Let's take another illustratives example and actually do some retainer profiling. The following performs two calculations on two distinct lists:

-- file: mean.hs

mean  xs = sum xs / fromIntegral (length xs)

sumlg xs = sum (map log xs)

main = do
    print $ mean [1..1000000]
    print $ sumlg [1..1000001]

Asking for a retainer profiling, we need to compile with profiling, execute with the Runtime System flag -hr, and finally generate a graph from the heap profile:

ghc -rtsopts -prof -fprof-auto mean.hs
./mean +RTS -hr -i0.02
hp2ps -e8in -c mean.hp

Looking at the program and the heap profile graph, the shape looks like what one would expect with no optimizations enabled: first, the first list is fully evaluated and retained as a whole, and then discarded as we have retrieved its mean. Then a similar process takes place for the second list. What is not quite clear though is what the (2)SYSTEM and (9)SYSTEM mean retainer sets are.

When we look at the graph more closely, we see that those system-things become retainers after the heap usage at our mean and sumlg functions have peaked, implying that our functions have pretty much done their work. After the peak, the list is consumed and it is up to the garbage collector to dispose of the list. There is a slight delay there, which is why the list shows up in a SYSTEM retainer before it is garbage-collected.

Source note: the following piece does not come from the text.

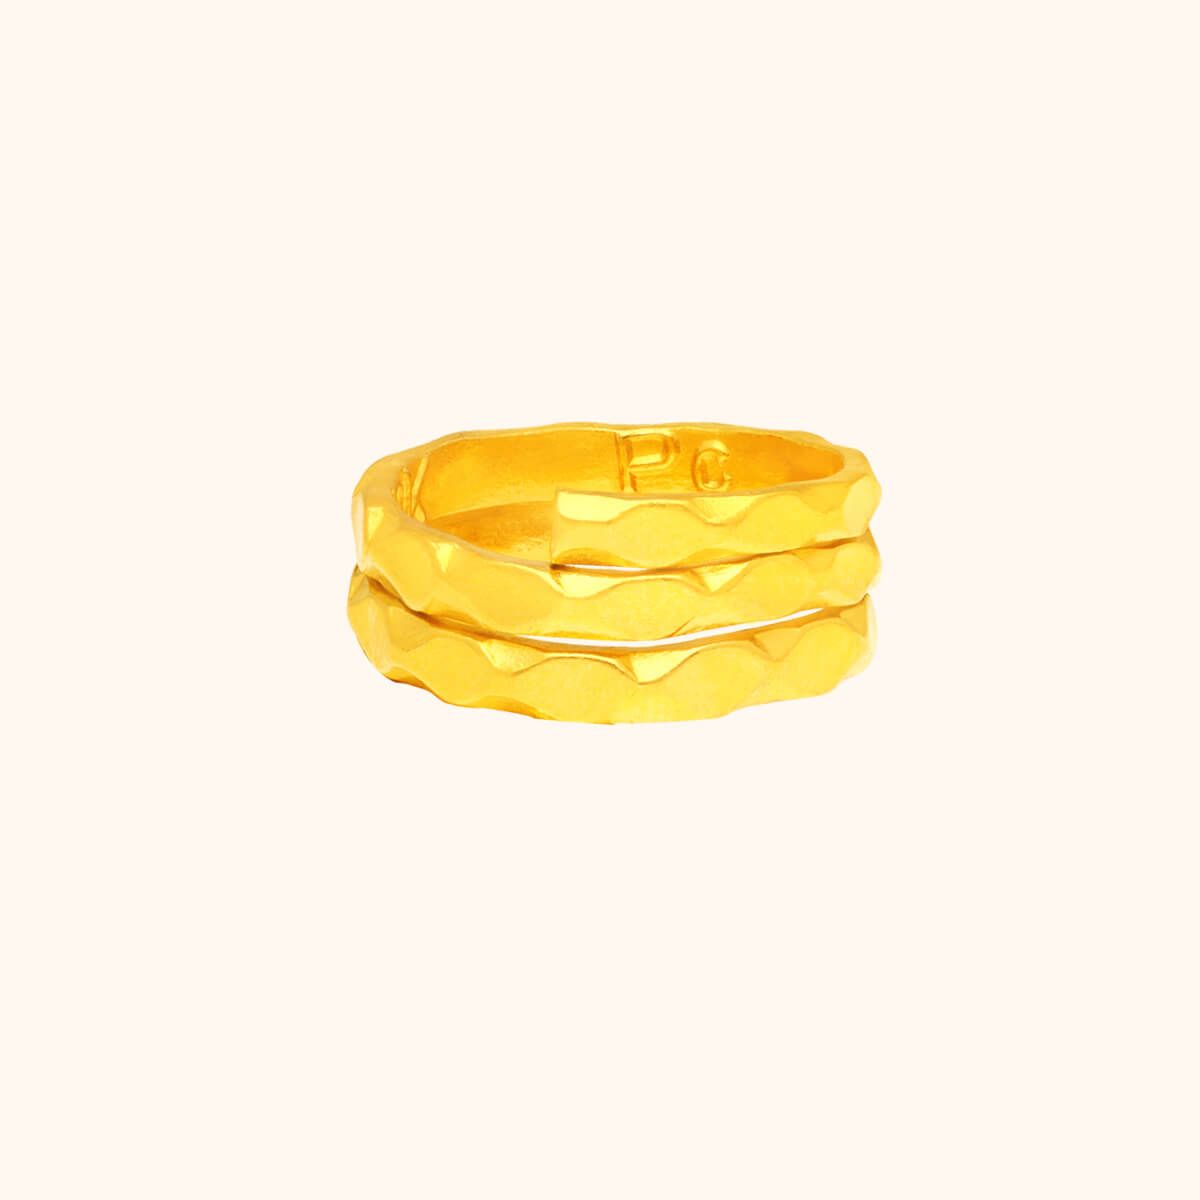 Buy MJ Jewellery MJ Jewellery THE Mix Collection 999.9/24K Pure Gold Pixiu  Agate Ring Set AGR-PX0.20G Online | ZALORA Malaysia

The retainer sets are numbered. A dump of all retainer sets is written to the file <program>.prof. The retainer sets in the graph correspond to these lines in that file:

SET 76 = {<Main.sumlg,Main.main,Main.CAF>}
SET 8 = {<Main.mean,Main.main,Main.CAF>}
SET 2 = {<SYSTEM.SYSTEM>}
SET 9 = {<SYSTEM.SYSTEM>, <Main.mean,Main.main,Main.CAF>}

We see that the retainers are given as cost centre stacks. This is crucial when pinpointing retainers to correct calle-sites.

Recall the ByteString encryption example from before. What would the retainer profile for that unoptimized program look like? Much to our surprise, it is in crucial ways different from the cost centre-based heap profile. Look at this:

Only some spikes (from the intermediate list) – where are the large ByteStrings? There sure were some in the other heap profile!

This is a shortcoming of the heap profiler, or a consequence of the foreign pointer representation used in the bytestring library. The retainer profiler is unable to follow ByteStrings to their retainers, and in fact it isn't a given that the cost centre-based report is always totally correct either. This is something that needs to be kept in mind when using libraries, such as bytestring, that use foreign pointers in their data structures.

It is a good idea to always check the Runtime System memory statistics with +RTS -s, as that will always give exact memory usage.

Biographical profiling

The last kind of break-down we can ask from GHC is the biographical breakdown. Biographical profiling sorts heap objects into four categories:

  • State LAG: From creation of the object to its first use
  • State USE: From first use of the object until its last use
  • State DRAG: From final use of the object until the last reference is dropped
  • State VOID: Object is never used in its lifetime

Here's an example biographical profile of the ByteString encryption program from before. Like in the retainer profile, here too the big ByteStrings are not shown. The now familiar spikes are shown as lagging, as expected of a large list that is constructed and then consumed. Then some big data structures seem to show up at the end of the program execution. Something that is used and something that is lagging:

I used the following Runtime System options in generating this graph:

./encrypt key.bin plain.bin +RTS -hb -i0.002

Again, experiment with the interval setting to find the correct granularity on your machine.

Looking at this graph, it's hard to say much about anything. A more useful use case for biographical profiling is to use biographical data in the subset selection, and break-down using some other criteria, such as cost centres.

A usual example would be to find cost centres that produce heap objects in DRAG or VOID states. This is achieved with:

program +RTS -hc -hbdrag,void

Then we could find retainers for those cost centres with the +RTS -hr -hccc1,cc2, and so on program. Note that GHC cannot currently do both biographical and retainer profiling simultaneously, so +RTS -hr -hbdrag,void is unfortunately not allowed.